Even when Yao Ming was little, he was big. At birth he was nearly two feet long. When he was 4, bus drivers tried to charge him full fare. By 17 he topped seven feet. Today the 7'5" center for the Houston Rockets may be the most scrutinized NBA rookie ever. "This is the most pressure I have felt," the Shanghai-born Yao, 22, says through his interpreter. "Sometimes I feel like everyone is staring at me,"

Better get used to it, big guy. The first non-U.S. player to be picked No. 1 in the NBA draft, Yao has Rocket boosters dreaming of ticker tape parades, team officials drooling over his army of Chinese-American fans, and millions in China watching live broadcasts of Rockets games into the morning hours. Says Rockets CEO George Postolos: "One tall kid is doing more for relations with China than decades of other methods."

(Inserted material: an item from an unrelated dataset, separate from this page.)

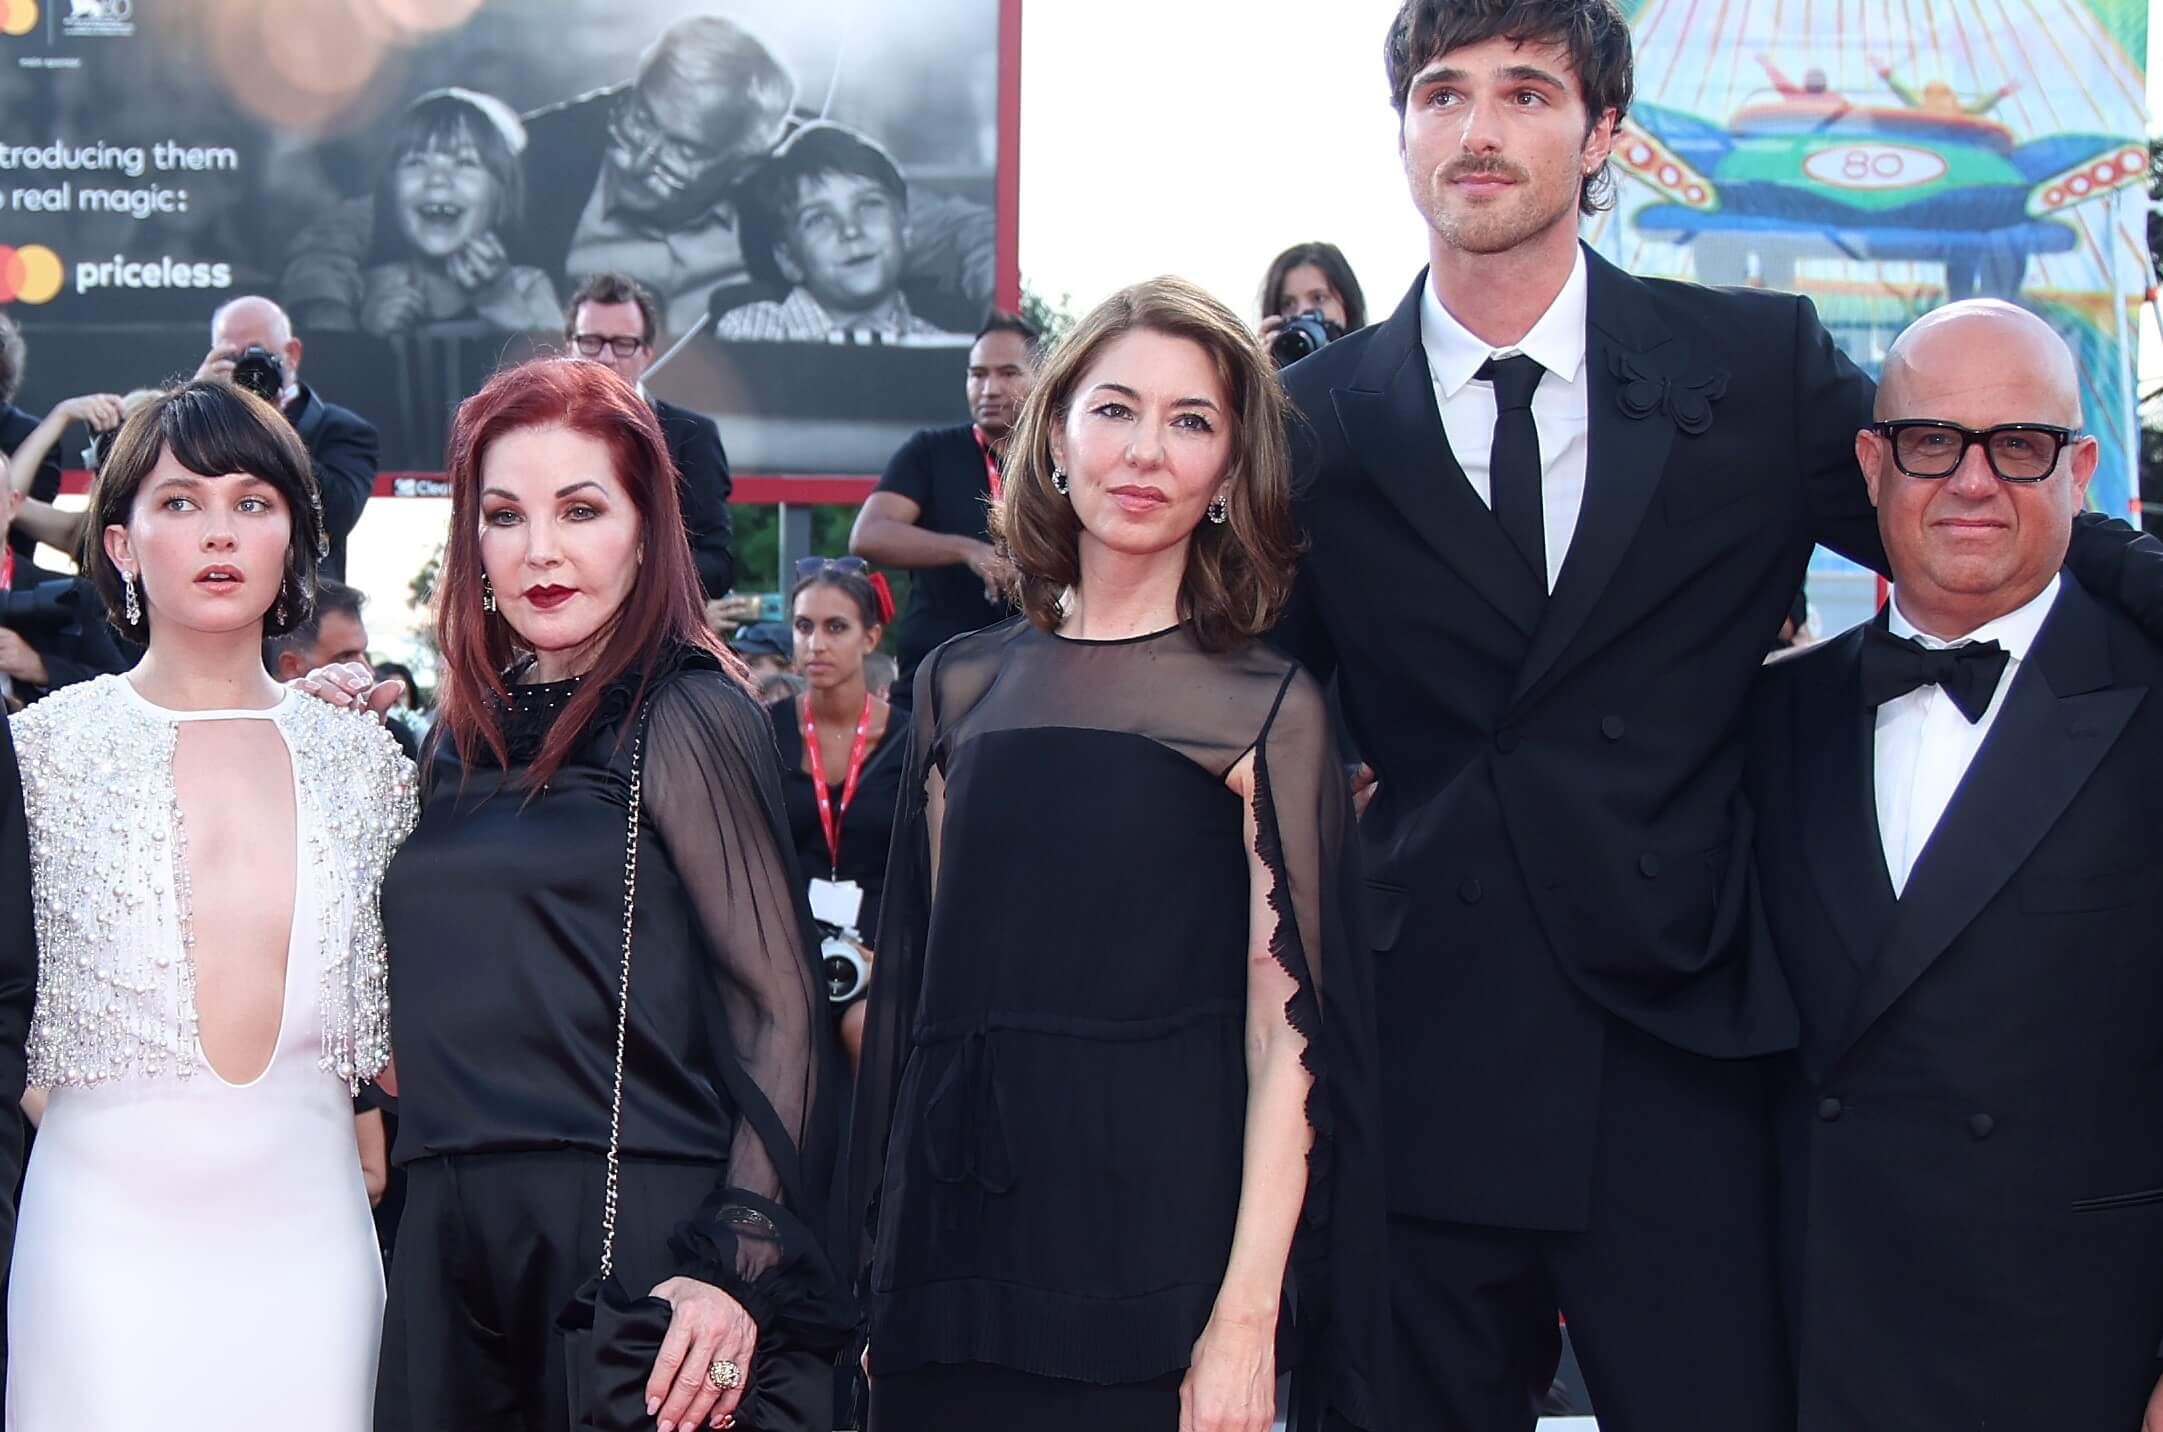 Cailee Spaeny, Priscilla Presley, Sofia Coppola, Jacob Elordi, and Youree Henley at a red carpet for the movie 'Priscilla'

Yes, but can Yao negotiate the likes of Shaq? "He needs to eat a lot more to get strong," says his mother, Fengdi Fang, who is 6'2" and a former captain of the Chinese national women's basketball team (his father, Yao Zhiyuan, is 6'10" and also a former player). Even so, it's clear he's jot great skills. Despite a rough start, Yao scored 30 points against the rival Dallas Mavericks last month and leads the NBA in field goal shooting percentage.

Living with his parents in a four-bedroom Houston home (he sleeps corner to corner in a king-sized bed), Yao misses China but is making friends fast. "My team-mates are helping me with English phrases," he says with a giant grin, "just not the good phrases."